The current approach often does not continue properly, as can be seen in the sample videos:

Using the assistant prefill functionality above would make this work correctly in all cases.

ngxson · 2025-11-13T10:20:39Z

Agree with @ggerganov , it's better to use the prefill assistant message from #13174

Just one thing to note though, I think most templates does not support formatting the reasoning content back to original, so probably that's the only case where it will break

allozaur · 2025-11-13T10:21:26Z

Thanks guys, I missed that! Will patch it and come back to you.

allozaur · 2025-11-13T19:28:44Z

@ggerganov @ngxson

I've updated the logic with 859e496 and i have tested with few models and only 1 (Qwen3-VL-32B-Instruct-GGUF) managed to properly continue the assistant message in response to the prefill request. See videos below.

`Qwen3-VL-32B-Instruct-GGUF`

Qwen3-VL-32B-Instruct-GGUF.mov

`ggml-org/gpt-oss-20b-gguf`

gpt-oss-20b-gguf.mov

`ggml-org/gpt-oss-120b-gguf`

gpt-oss-120b-gguf.mov

`unsloth/gemma3-12b-it-gguf`

demo.mp4

ggerganov · 2025-11-13T19:59:10Z

For me, both Qwen3 and Gemma3 are able to complete successfully.

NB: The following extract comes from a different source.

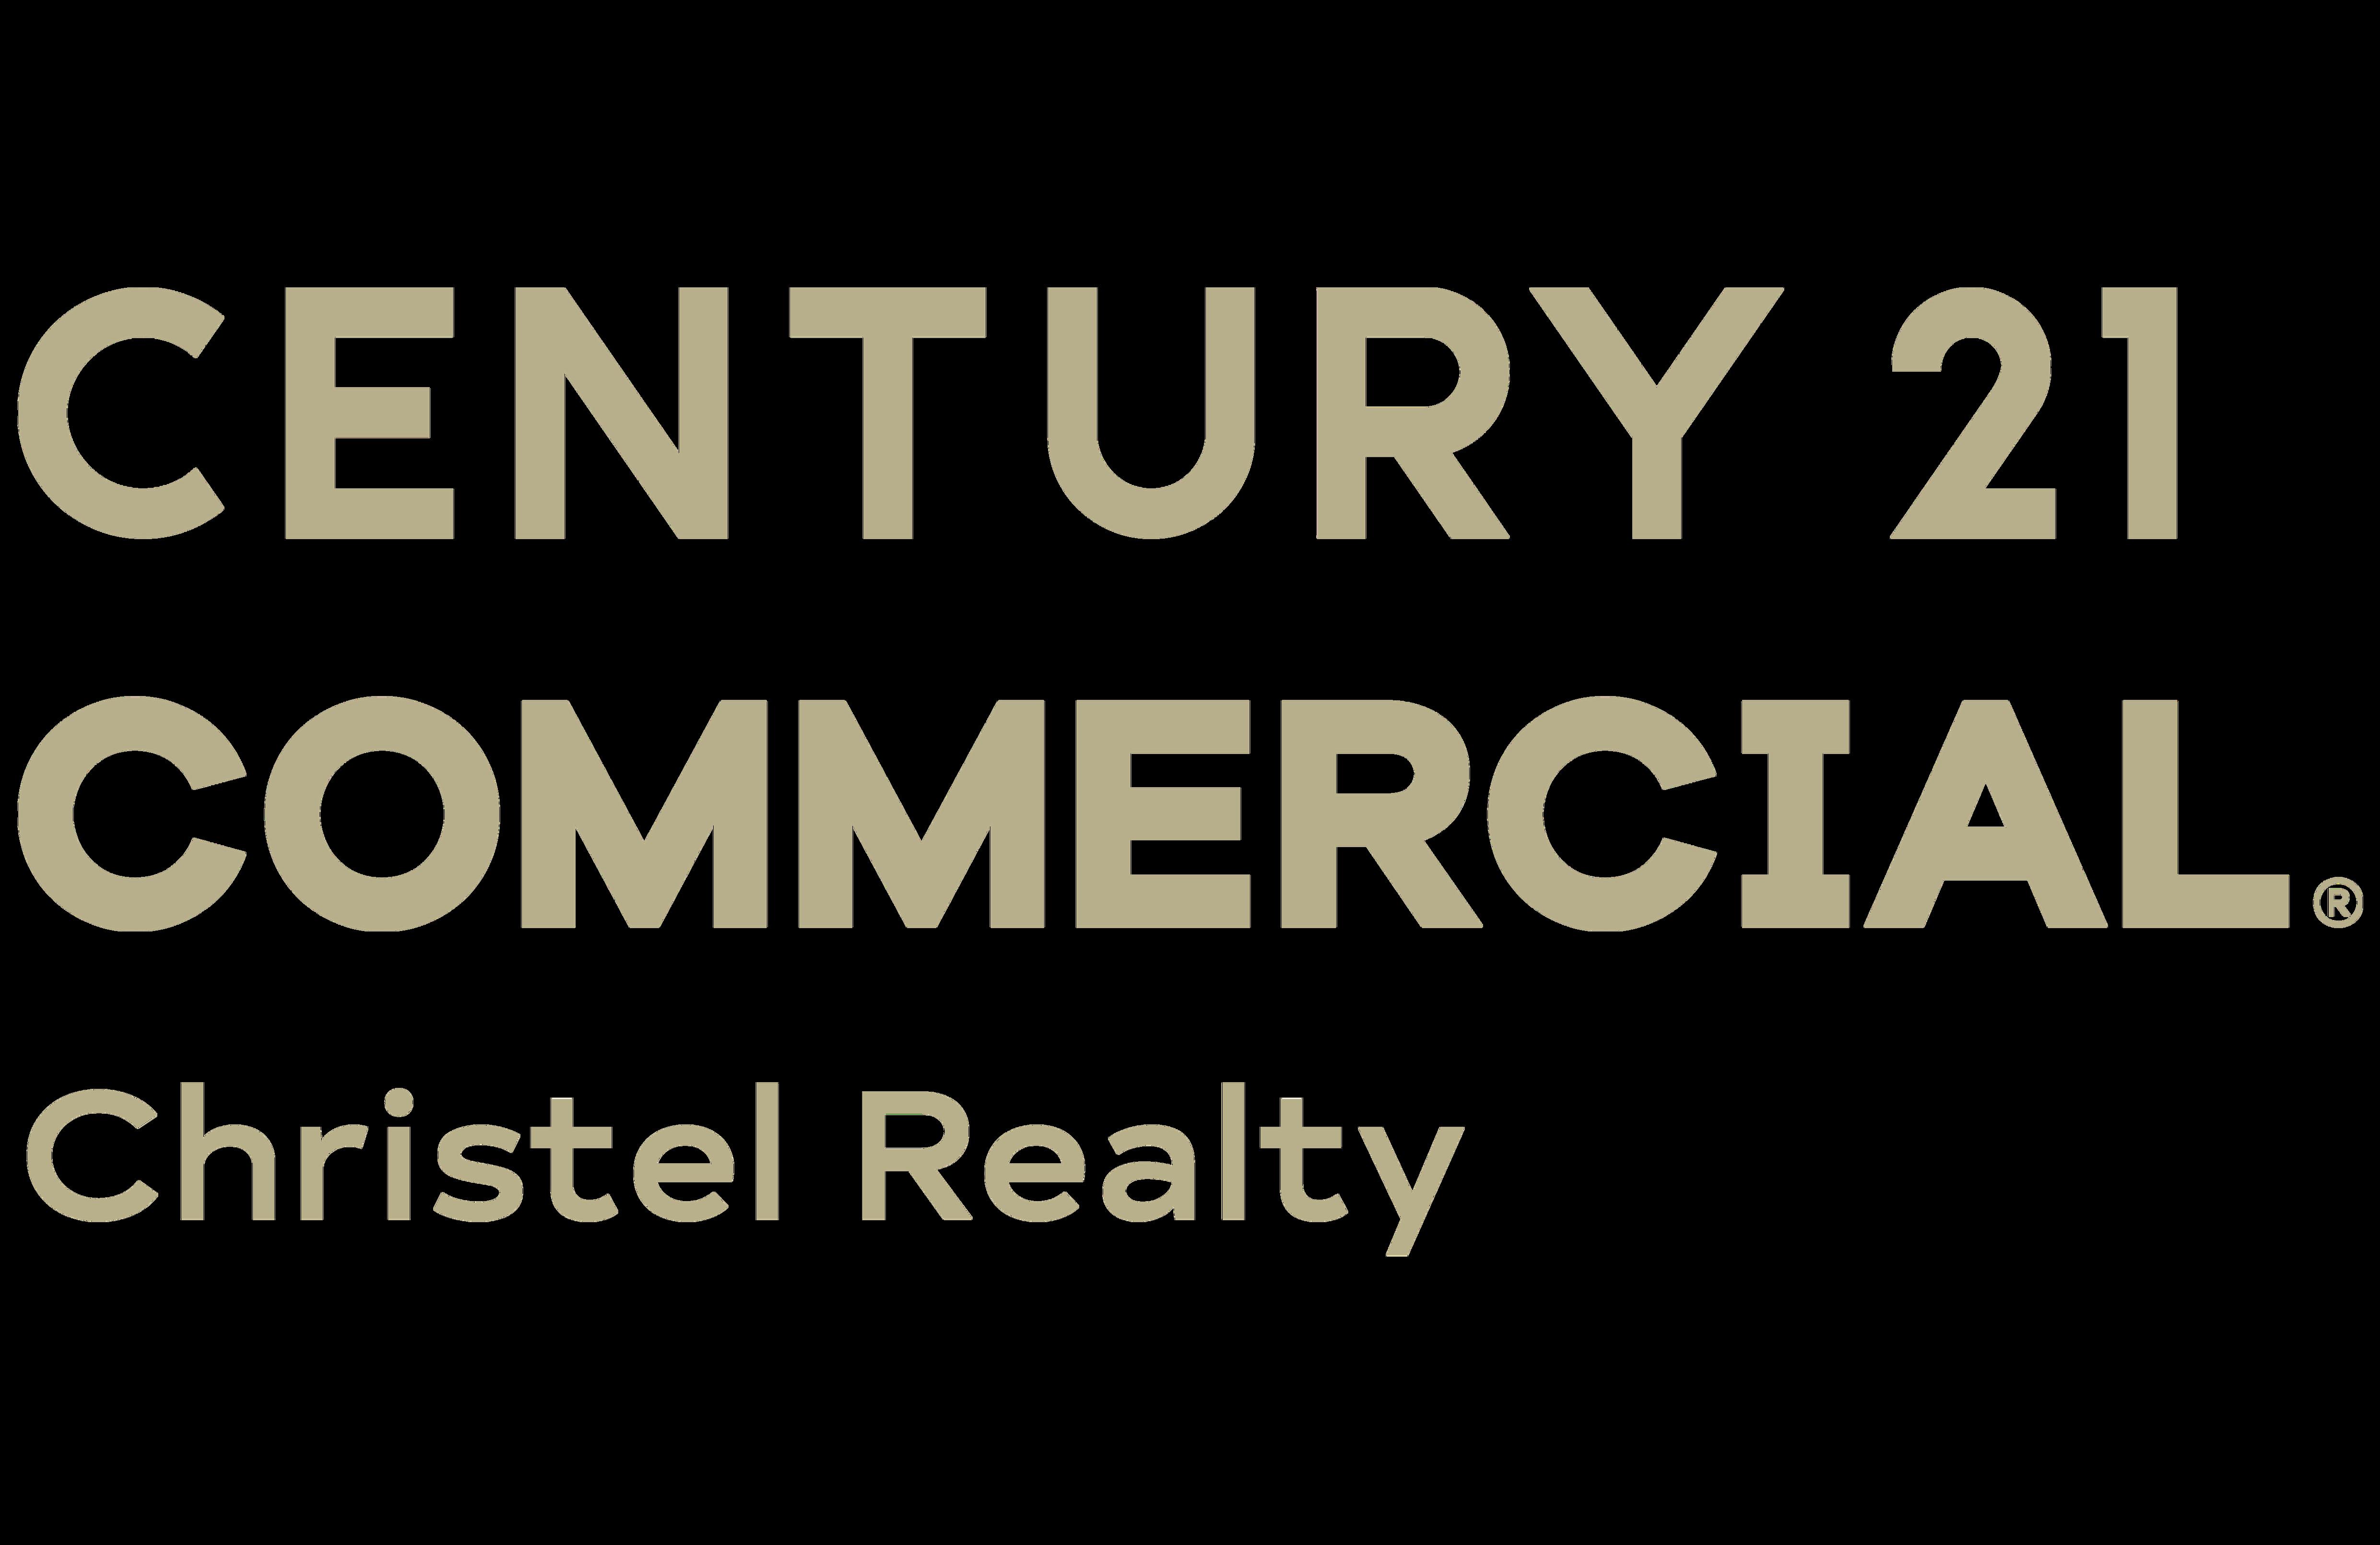 Peter Skolsky of CENTURY 21 Christel Realty logo

For example, here is Gemma3 12B IT:

webui-continue-0.mp4

It's strange that it didn't work for you.

Regarding gpt-oss - I think that "Continue" has to also send the reasoning in this case. Currently, it is discarded and I think it confuses the model.

allozaur · 2025-11-13T20:00:28Z

Regarding gpt-oss - I think that "Continue" has to also send the reasoning in this case. Currently, it is discarded and I think it confuses the model.

Should we then address the thinking models differently for now, at least from the WebUI perspective?

It's strange that it didn't work for you.

I will do some more testing with other instruct models and make sure all is working right.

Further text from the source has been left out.